The Company was incorporated in Delaware in 1985.  Through a predecessor that merged into the Company in 1991, the Company has been providing health care services, primarily home health care, since 1976.  All material intercompany transactions and accounts have been eliminated in consolidation.

 

On November 5, 2015, the Company completed the acquisition of Black Stone Operations, LLC (“Black Stone”).  Black Stone owned and operated personal care and skilled home health services in western Ohio.  On August 29, 2015, the Company completed the acquisition of Bracor, Inc. (dba WillCare).  WillCare owned and operated Visiting Nurse (“VN”) and Personal Care (“PC”) branch locations in New York (12), and Connecticut (1).  On July 22, 2015, the Company acquired Ingenios Health (“Ingenios”).  Ingenios is a leading provider of technology enabled in-house clinical assessments for Medicare Advantage, Managed Medicaid and Commercial Exchange lives in seven states and Washington, D.C.  On March 2, 2015, the Company acquired the stock of Willcare’s Ohio operations.  On January 29, 2015, the Company acquired a noncontrolling interest in a development stage analytics and software company, NavHealth, Inc. (“NavHealth”).  The results of operations for WillCare and Black Stone are reported in the Company’s VN and PC segments, while Ingenios results are included in the Company’s Healthcare Innovations segment.

 

On December 6, 2013, the Company completed the acquisition of Omni Home Health Holdings, Inc. (“SunCrest”).  Branded principally under the SunCrest name, its subsidiaries owned and operated 66 Medicare-certified home health agencies and 9 private duty agencies in Florida, Tennessee, Georgia, Pennsylvania, Kentucky, Illinois, Indiana, Mississippi and Alabama.  On October 4, 2013, the Company acquired a controlling interest in Imperium Health Management, LLC (“Imperium”), a development-stage enterprise that provides strategic health management services to Accountable Care Organizations (“ACOs”).  On July 17, 2013, the Company acquired the assets of the Medicare-certified home health agencies owned by Indiana Home Care Network (“IHCN”).  The acquisitions are more fully described in Note 12, “Acquisitions”.  The results of operations for SunCrest and IHCN are principally reported within the Company’s VN reportable segment, while Imperium results are included in the Company’s Healthcare Innovations segment.  The Company’s consolidated financial statements are prepared in accordance with U.S. generally accepted accounting principles (US GAAP).  All intercompany balances and transactions have been eliminated.

 

Fiscal Year End

 

Effective with the first quarter of 2015, the Company adopted a 52-53 week fiscal reporting calendar under which it will report its annual results going forward in four equal 13-week quarters.  Every fifth year, one quarter will include 14 weeks and that year will include 53 weeks of operating results. 

 

Cash and Cash Equivalents

Cash and Cash Equivalents

 

The Company considers all highly liquid debt instruments purchased with an original maturity of three months or less to be cash equivalents.

 

Uninsured deposits at January 1, 2016 and December 31, 2014 were approximately $4,681 and $4,183 respectively.  These amounts have been deposited with national financial institutions.

Property and Equipment

Property and Equipment

 

Property and equipment are stated at cost.  Depreciation is computed using the straight-line method over the estimated useful lives (generally two to ten years for medical and office equipment and three years for internally developed software).  Leasehold improvements are depreciated over the terms of the respective leases (generally three to ten years).
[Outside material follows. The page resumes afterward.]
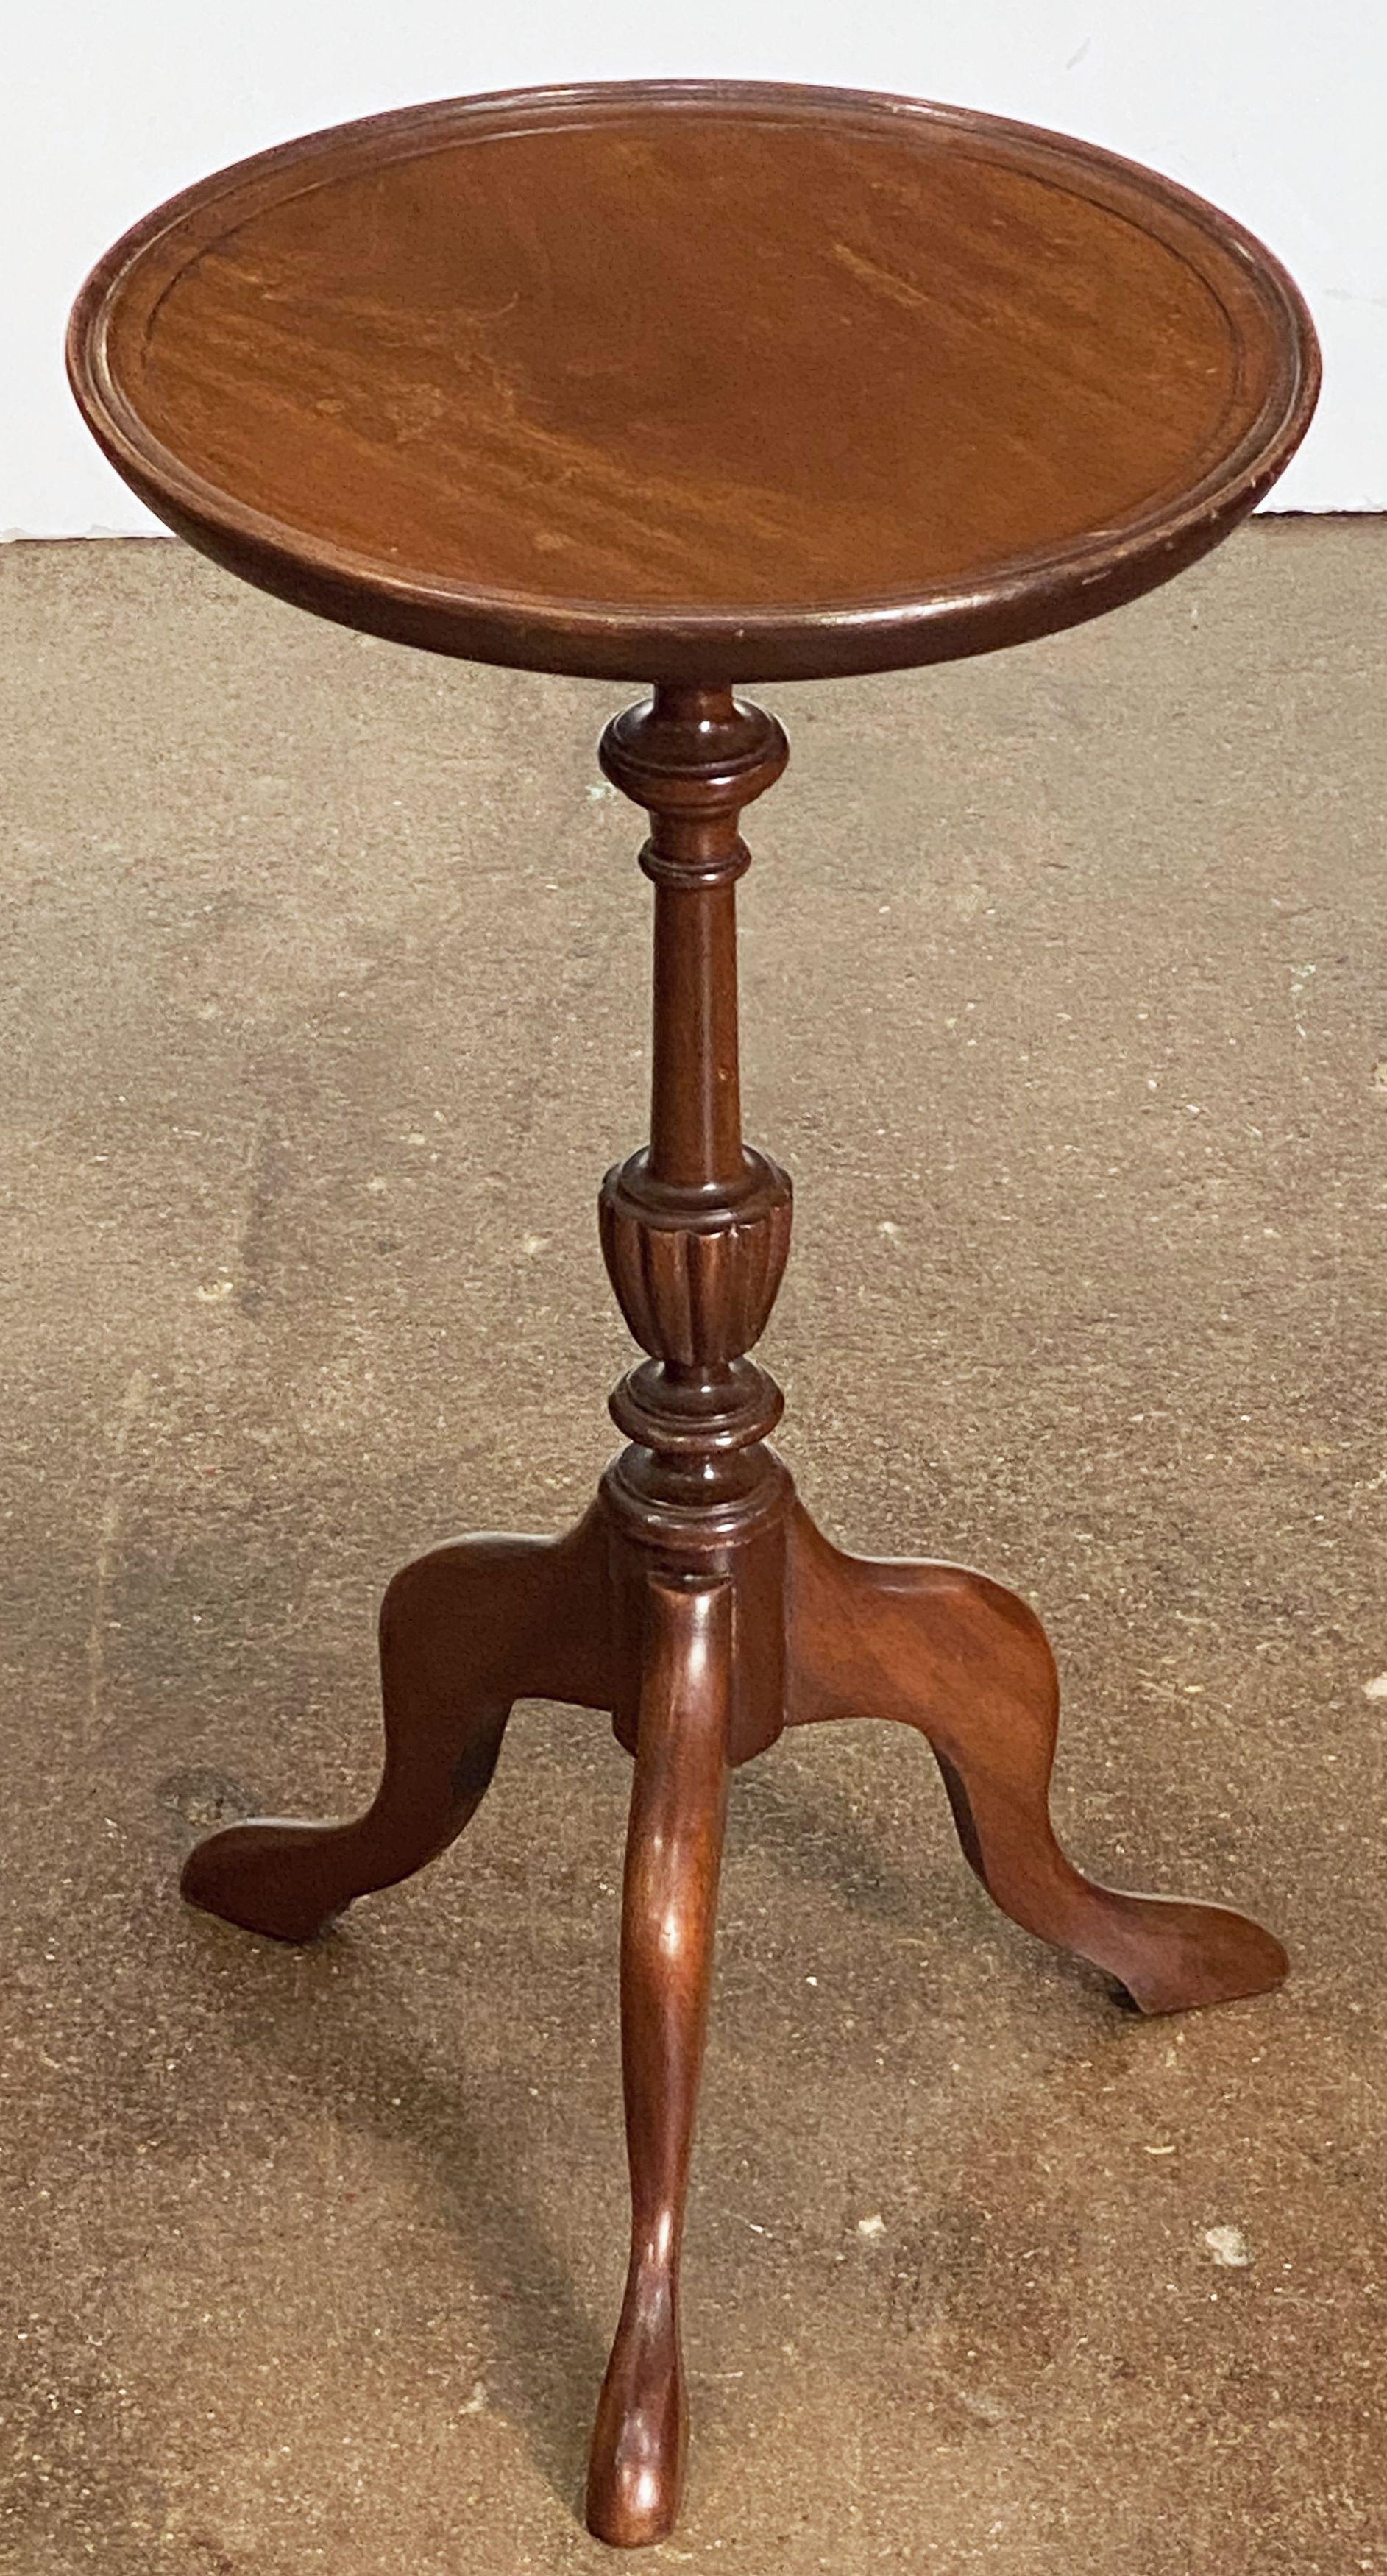 An English wine table of mahogany from the early 20th century, featuring a raised edge around the circumference of the round, moulded top, mounted upon a turned column pedestal with tripod base.

An excellent choice as a side table or for

Such costs are periodically reviewed for recoverability when impairment indicators are present.  Such indicators include, among other factors, operating losses, unused capacity, market value declines and technological obsolescence.  Recorded values of asset groups of property, plant and equipment that are not expected to be recovered through undiscounted future net cash flows are written down to current fair value, which generally is determined from estimated discounted future net cash flows (assets held for use) or net realizable value (assets held for sale).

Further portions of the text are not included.